Unlike an ordinary sample tank, however, a single-phase tank has a floating piston inside of it. Sample fluid or crude is pumped into the sample tank against the top side of the piston. Downhole, as crude oil is pumped into the tank, the pumped crude pushes against the top side of the floating piston inside of the sample tank and further compresses the gas cushion underneath the sample tank piston. Crude oil is pumped into the sample tank against the cushioned piston until its pressure is several thousand pounds per square inch above formation pressure. The gas cushion is initially created at the surface where the tank is charged before going into the well bore. The purpose of charging the down hole sample tank is to maintain the down hole sample of crude oil in a single phase condition after it has been brought to the surface and cools. Gas is pumped underneath the sample tank piston to charge the sample tank cylinder.
To charge the single-phase sample tank cylinder a non-reactive gas (e.g., nitrogen) is connected to the sample tank through a pressure regulator. The tank is filled until the pressure underneath the sample tank piston reaches the set pressure of the regulator. The tank inlet valve is then closed thereby trapping as many moles of gas as can possibly fit into the tank volume underneath the piston at that pressure. This gas cushion is important when collecting down samples of crude oil at elevated temperatures of 100-200 C and pressures of 10-20 kpsi. As these tanks are brought back to the surface, the tank and the sample inside of the tank, once removed from the high temperature down hole in the well bore, cools to the ambient surface temperature so the crude oil within the sample tank shrinks or reduces its volume and pressure associated therewith is likewise reduced. This temperature-induced shrinkage can be as much as 30% of the initial crude oil volume. At this reduction in pressure, below the bubble point for the crude, it is expected that natural gas bubbles will nucleate or asphaltenes precipitate and come out of the crude oil and fill the void left by shrinking liquid. Nucleation of gas bubbles or precipitation of solids changes the single-phase liquid crude to a two-phase state consisting of liquid and gas or liquid and solids. Two-phase samples are undesirable, because once the crude oil sample has separated into two phases, it can be difficult or impossible and take a long time (weeks), if ever, to return the sample to its initial single-phase liquid state even after reheating and/or shaking the sample to induce returning it to a single-phase state.

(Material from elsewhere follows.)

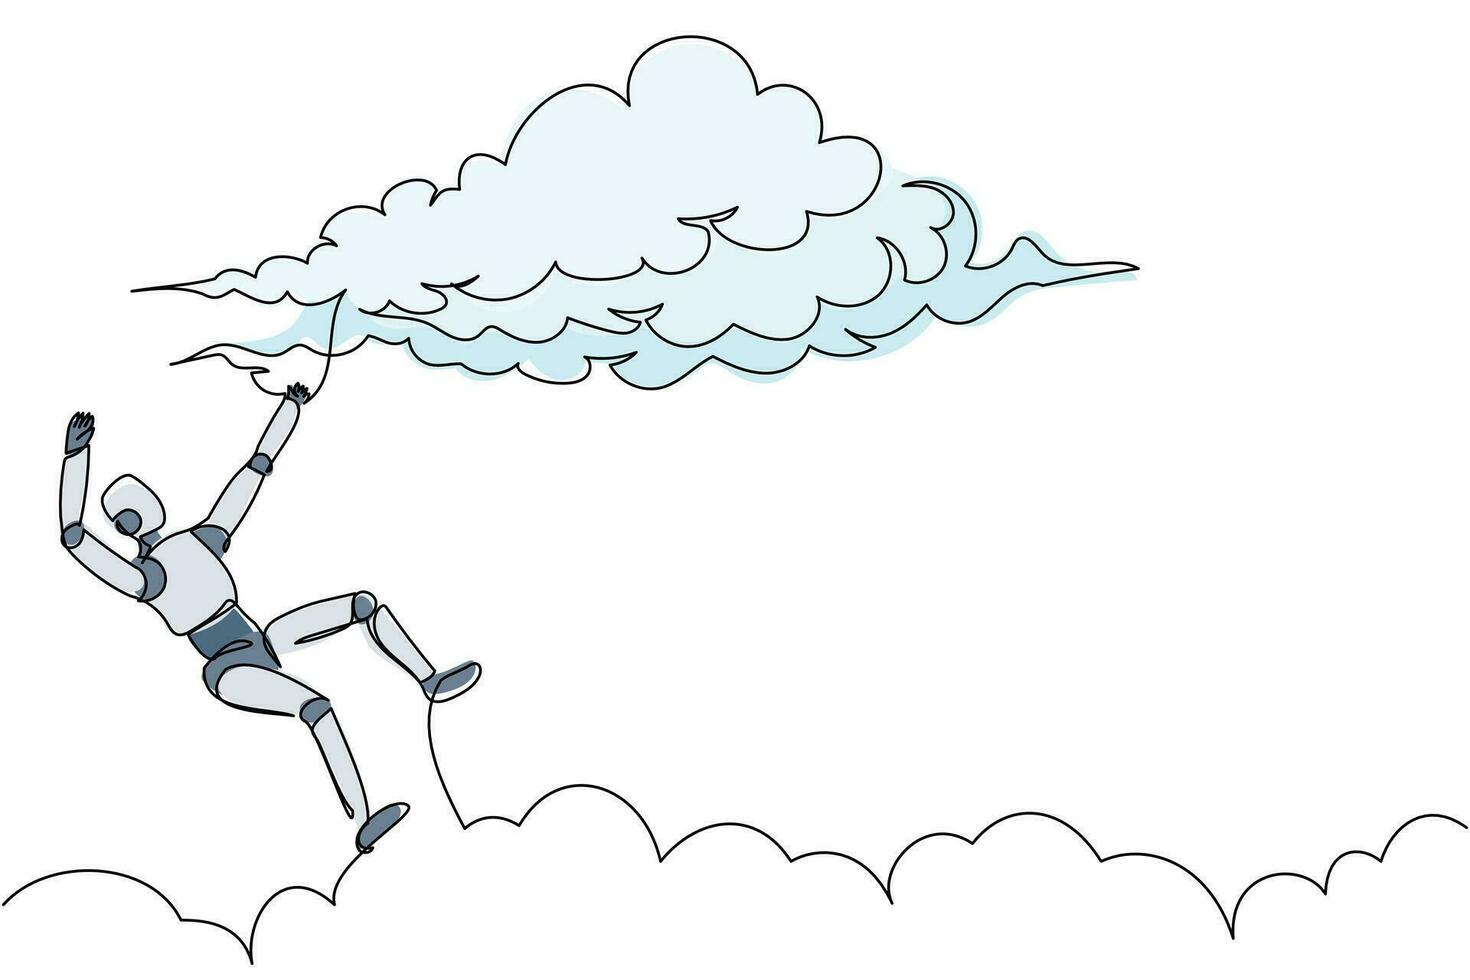 single doorlopend lijn tekening pech robot vallend van wolk lucht. verliest bedrijf of functie. robot kunstmatig intelligentie. elektronisch technologie industrie. een lijn grafisch ontwerp vector illustratie
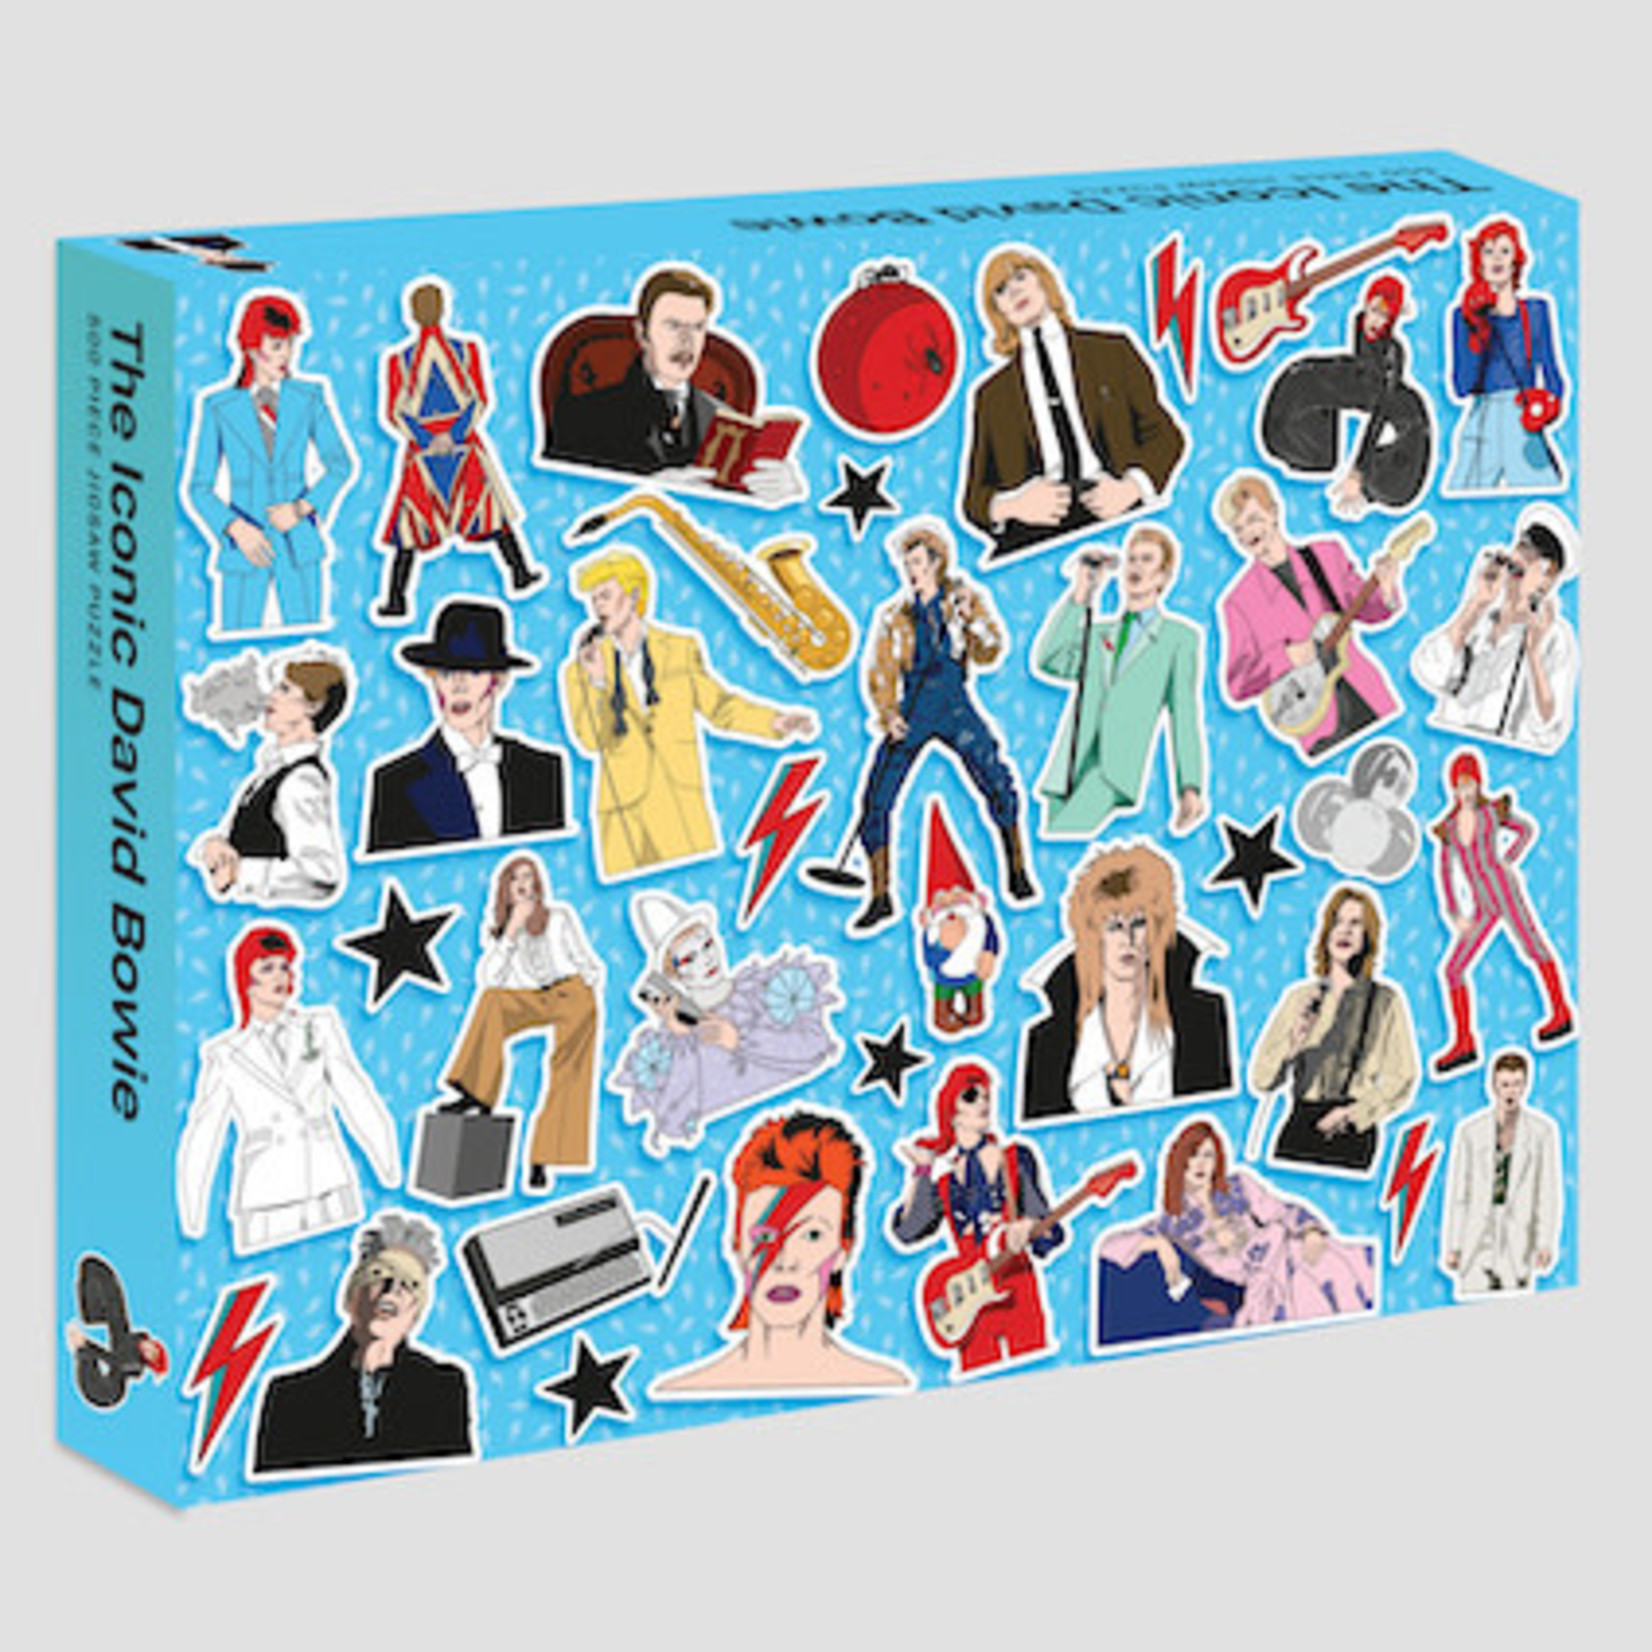 Rizzoli Smith Street Books Iconic David Bowie 500 Piece Jigsaw Puzzle

Due to the uncertainty of the restoration process, any pressure-volume-temperature (PVT) lab analyses that are performed on the restored sing-phase crude oil are often suspect. When using ordinary sample tanks, one tries to minimize this problem of cooling and separating into two-phase by pressurizing the sample down hole to a pressure that is far (4500 or more psi) above the downhole formation pressure. The extra pressurization is an attempt to squeeze enough extra crude oil into the fixed volume of the tank that upon cooling to surface temperatures the crude oil is still under enough pressure to maintain a single-phase state and maintains at least at the pressure that it had downhole.
The gas cushion of the single-phase tanks, thus, makes it easier to maintain a sample in a single phase state because, as the crude oil sample shrinks, the gas cushion expands to keep pressure on the crude. However, if the crude oil shrinks too much, the gas cushion (which expands by as much as the crude shrinks) may expand to the point that the pressure applied by the gas cushion to the crude falls below formation pressure and allows asphaltenes in the crude oil to precipitate out or gas bubbles to form. Thus, there is a need for a gas cushion pressurization tank that maintains the single-phase state of a sample without requiring inordinately large and possibly dangerous pressures to be used in charging a sample tank before going down hole.